This independent living stuff is a dual track learning curve. Not only does my son need to learn the skills I’m trying so hard to impart to him, but I need to learn to let him make use of these skills.
My son participated in a fabulous 2-week summer camp at the Smithsonian Institution  this year. It was an all access multi-media camp for high school students with a variety of disabilities. My son was the only participant that traveled to and from the museum independently. He took the Metro, which required one train change and a scooter ride to the Metro station from home. The first two days of camp, I went along with him. On the second day, I tried to let him lead, and internally made that sucking sound when he went to the wrong side of the platform. And then he headed towards the wrong station exit. I was nervous. I asked him if he wanted me to travel with him one more day. What he said to me affected me in the same way as did his first spoken word. He said, “How will you know I can do it, unless you let me try?”
Every day he traveled to and from the camp without incident. He called when he was entering the metro station, and called when he arrived at his destination each way. Some days he would call to say he was going to another museum after camp let out. He never forgot to call, so I never had to worry. (I was on worry alert. I knew exactly when to start worrying if the phone didn’t ring, but it always did.)

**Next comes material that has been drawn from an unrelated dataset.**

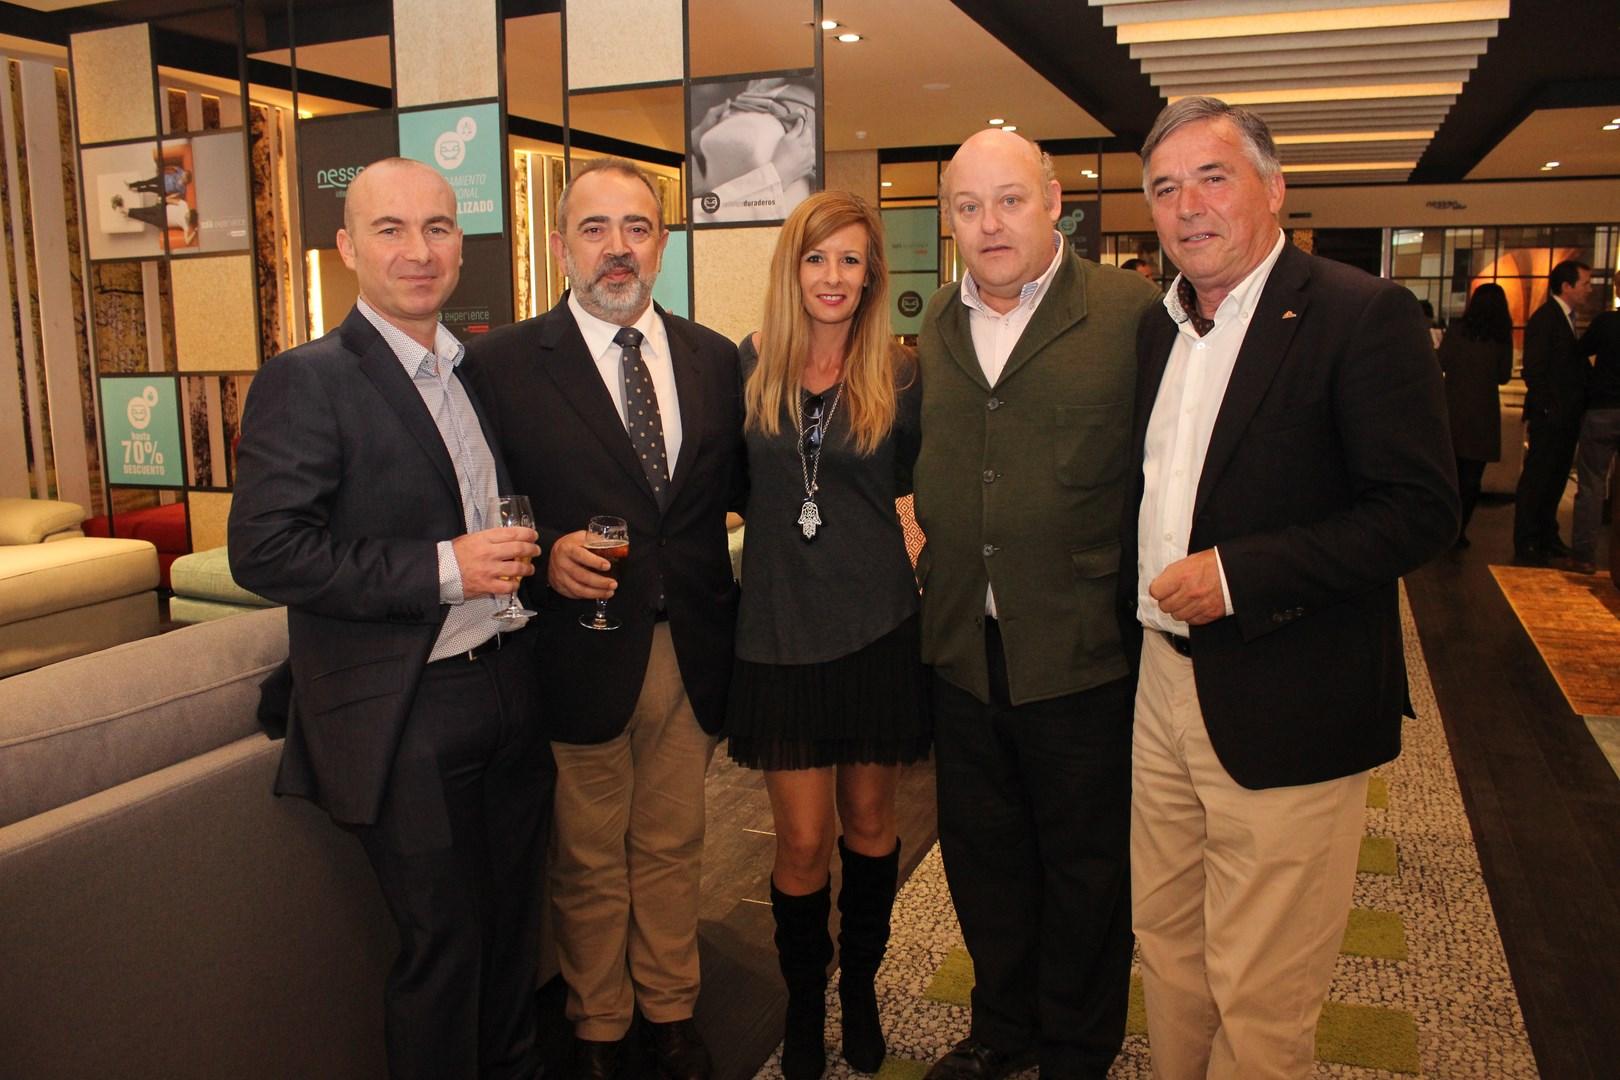 Ana Porras con Jacobo Guerrero, Pepe Cobos y otros invitados

The last day of camp I got a call five minutes after he called to say he was leaving camp. His fare card was low, and he couldn’t get through the turnstile. I tried talking him through adding money to his card over the phone. It didn’t work. He was overly frustrated and I couldn’t figure out how to work a machine I couldn’t see. Finally, I told him he would have to hang up, and ask a Metro employee in the station to help him. And do you know what? Within five minutes I received a call that all was fine and he was on his way home.
I’ve found that the more independence he discovers, the more he wants. And that is a very good thing indeed. As for me, I’ve gotten quite good and internalizing that sucking sound.